The unfolded depiction of the vessels thus provides a better overview of the current vessels and their characteristics, such as curvature, wherein the vessels are displayed without foreshortening and/or overlap with other vessels. As indicated above, this 2D overview also allows the actual length and curvatures of a vessel to be visualized and used in a variety of ways for better and faster navigation.

In addition, the combined visualization with the unfolded view of a diagnostic data set enables a unified comprehensive visualization of structures that possibly are visible only in one or the other modality.

Moreover, a reduced cognitive load for users and easier navigation provided by the reduced-dimensionality visualization should be anticipated.

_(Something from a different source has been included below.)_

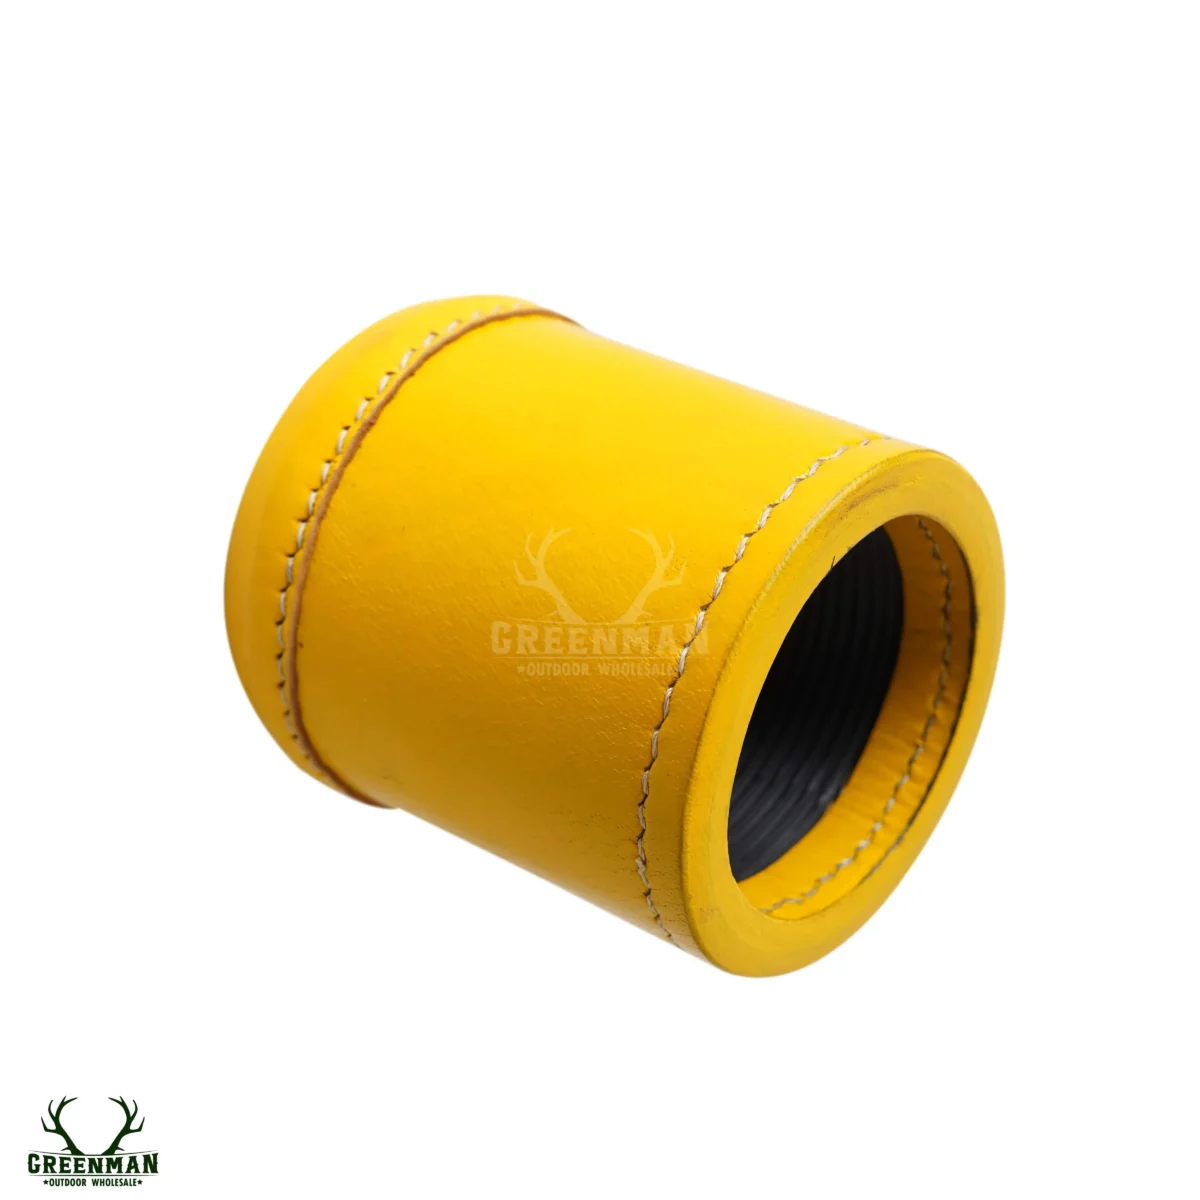 yellow leather dice cup, leather dice shaker. ribbed interior leather dice cup

It is to be understood that the elements and features recited in the appended claims may be combined in different ways to produce new claims that likewise fall within the scope of the present disclosure. Thus, whereas the dependent claims appended below depend from only a single independent or dependent claim, it is to be understood that the dependent claims may, alternatively, be made to depend in the alternative from any preceding or following claim, whether independent or dependent, and that such new combinations are to be understood as forming a part of the present specification.

While the present disclosure has been described above by reference to various embodiments, it may be understood that many changes and modifications may be made to the described embodiments. It is therefore intended that the foregoing description be regarded as illustrative rather than limiting, and that it be understood that all equivalents and/or combinations of embodiments are intended to be included in this description.